Virgínia negou que seu contrato incluísse essa cláusula e explicou que a única bonificação prevista era um aumento de 30% no cachê caso ela conseguisse dobrar o lucro da empresa. No entanto, ela afirmou que essa meta nunca foi atingida.

"Esse valor nunca foi atingido, nunca recebi um real a mais do que meu contrato de publicidade que fiz por 18 meses. Era um valor fixo. Se eu dobrasse o lucro, eu receberia 30% a mais da empresa. Mas isso não chegou a acontecer", disse a influenciadora.

3. Alertas sobre os riscos das apostas

Durante a sessão, Virgínia ressaltou que sempre fez questão de alertar seus seguidores sobre os riscos das bets. Ela afirmou que seguia as diretrizes do Conselho Nacional de Autorregulamentação Publicitária (Conar) e deixava claro que o jogo envolvia tanto a possibilidade de ganhar quanto de perder dinheiro.

"Eu sempre deixo muito claro que é um jogo, que pode ganhar e pode perder. Que menores de 18 anos são proibidos na plataforma. Se possui qualquer tipo de vício, o recomendado é não entrar. E para jogar com responsabilidade", afirmou Virgínia.

4. Uso de contas fornecidas pelas empresas

Outro ponto polêmico foi o uso de contas para realizar as apostas nos vídeos promocionais. Virgínia esclareceu que não utilizava sua conta pessoal para as gravações, mas sim contas fornecidas pela própria empresa de apostas.

"É uma conta que eles mandam senha. É uma conta feita para eu jogar. Não é uma conta fake", explicou. Ela destacou que, embora a conta não fosse a mesma dos seguidores, o aplicativo utilizado era o mesmo acessado pelo público.

5. Arrependimento e continuidade das parcerias

Questionada sobre o impacto social das apostas e se pretende continuar fazendo propaganda para casas de apostas, Virgínia disse que não se arrepende de nenhuma ação publicitária, mas admitiu que pretende refletir sobre a continuidade das parcerias.

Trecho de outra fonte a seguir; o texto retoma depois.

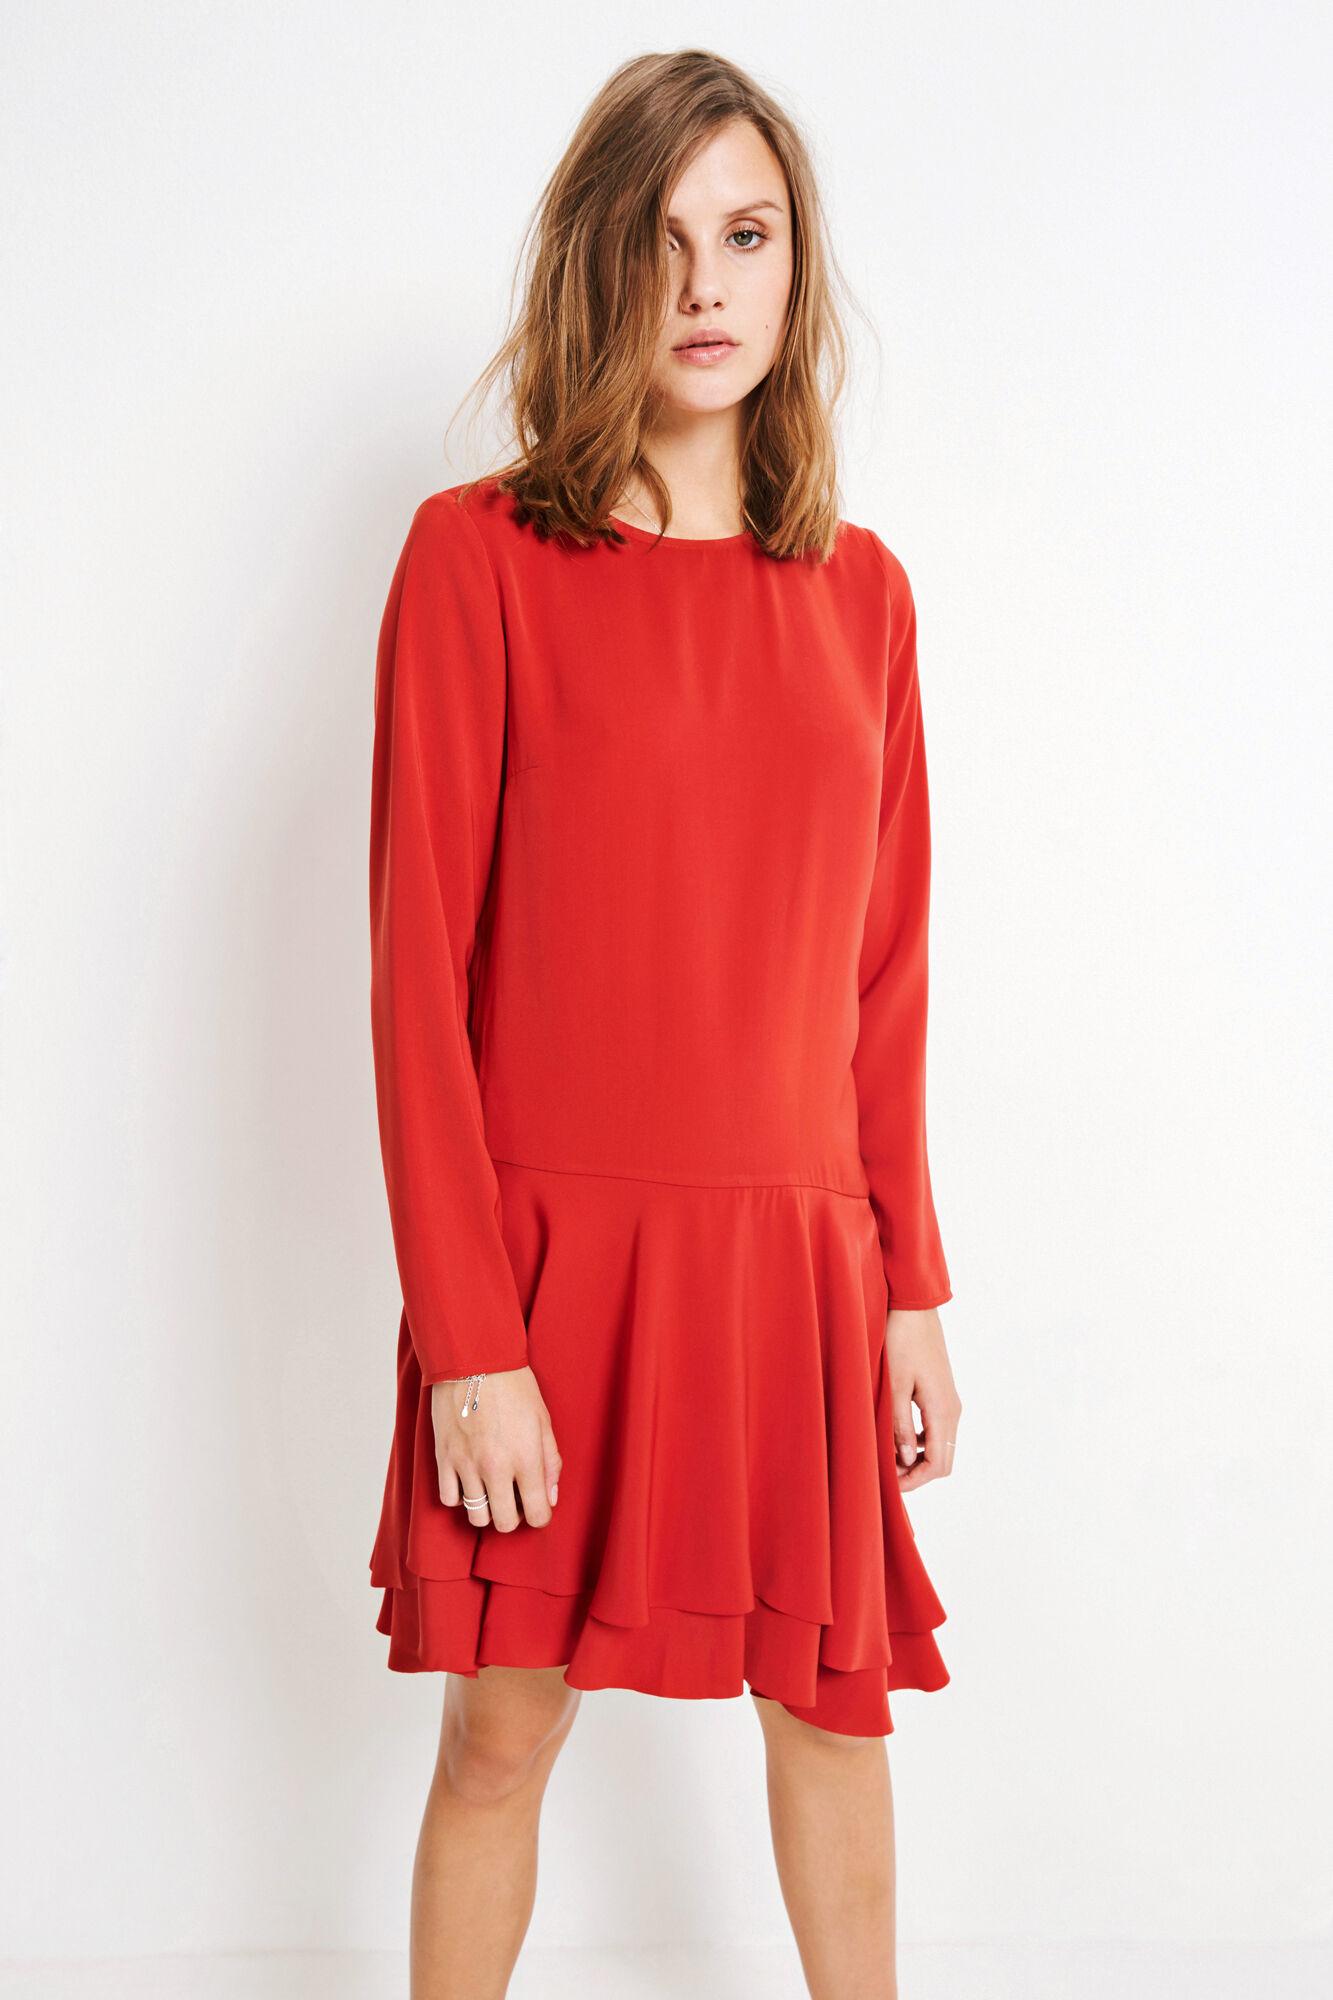 ENAPOLLO LS DRESS 6490

"Eu não me arrependo de absolutamente nada do que já fiz na minha vida. Acredito que tudo serviu de ensinamento. Vou chegar em casa e pensar, pode ter certeza", afirmou.

Ela também destacou que não tem como socorrer seguidores que enfrentam problemas financeiros por causa das apostas. "Eu não tenho poder de fazer nada. Então, aí, tá complicado", disse a influenciadora.

O que acontece agora?

Após o depoimento, a CPI das Bets continuará ouvindo outros influenciadores e representantes de casas de apostas. A investigação busca entender como as campanhas publicitárias podem ter incentivado práticas de jogo irresponsáveis e quais medidas podem ser tomadas para proteger os consumidores.

Virginia entregou à comissão documentos relacionados aos contratos com as empresas Esportes da Sorte e Blaze, e eles serão analisados sob sigilo. A expectativa é que os depoimentos de outras personalidades ajudem a esclarecer o papel dos influenciadores na promoção dos jogos de azar.

Prazo apertado

O colegiado terá até 14 de junho para concluir seus trabalhos, após prorrogação de 45 dias. A CPI busca esclarecer o impacto das apostas digitais na saúde financeira dos brasileiros e apurar possíveis ilícitos. A relatora afirmou que a CPI busca, acima de tudo, aprimorar a legislação para que o setor funcione "de forma menos prejudicial possível aos brasileiros".